A bit algebra shows that the inequality is equivalent to $$ 5 \left(5 a^5 \left(13 b^2+5 c^2\right)+13 a^4 \left(5 b^3-13 b^2 c-5 b c^2-5 c^3\right)+a^3 \left(-65 b^4+144 b^2 c^2+65 c^4\right)+a^2 \left(25 b^5-65 b^4 c+144 b^3 c^2+144 b^2 c^3-169 b c^4+65 c^5\right)-13 a \left(13 b^4 c^2+5 b^2 c^4\right)+5 b^2 c^2 \left(13 b^3+13 b^2 c-13 b c^2+5 c^3\right)\right) \ge0 $$ The left hand side is a polynomial, so this can be solved by Cylindrical Algebra Decomposition -- https://en.wikipedia.org/wiki/Cylindrical_algebraic_decomposition

The following code in Mathematica does the job.

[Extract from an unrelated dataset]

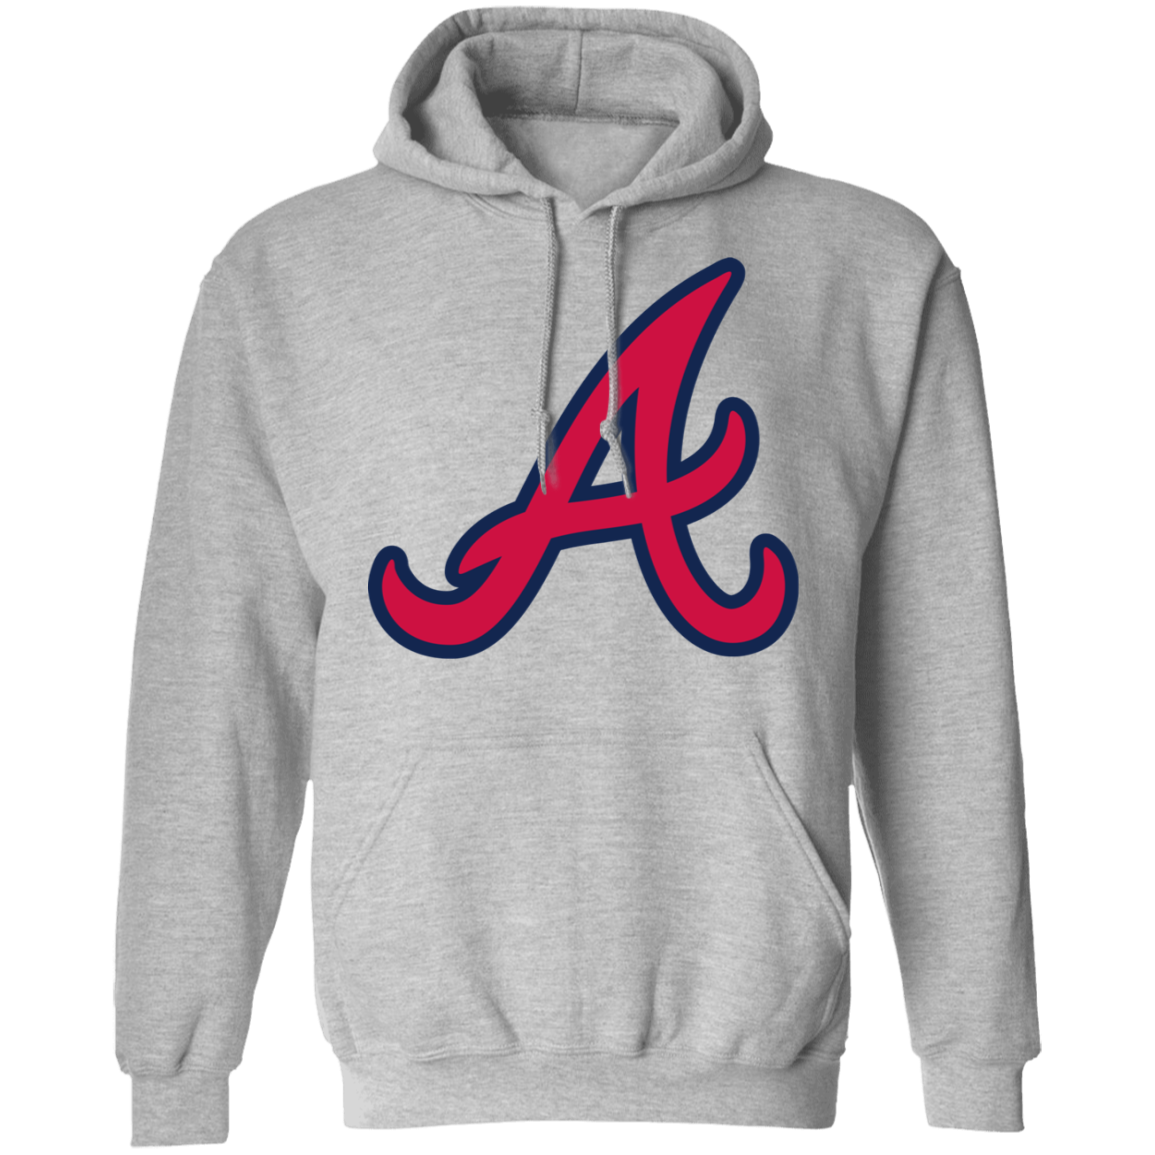 Atlanta Braves Red Letters Sweatshirt Size XL - $45 (43% Off Retail) - From  Hannah

ex1 = a^3/(13 a^2 + 5 b^2) + b^3/(13 b^2 + 5 c^2) + c^3/(5 a^2 + 13 c^2) >= 1/18 (a + b + c);
ex2 = ex1[[1]] - ex1[[2]] // Together // Numerator // Simplify;
ex3 = ForAll[{a, b, c}, And @@ {a >= 0, b >= 0, c >= 0}, ex2 >= 0];
CylindricalDecomposition[ex3, {}]

Note this may take a few minutes to run.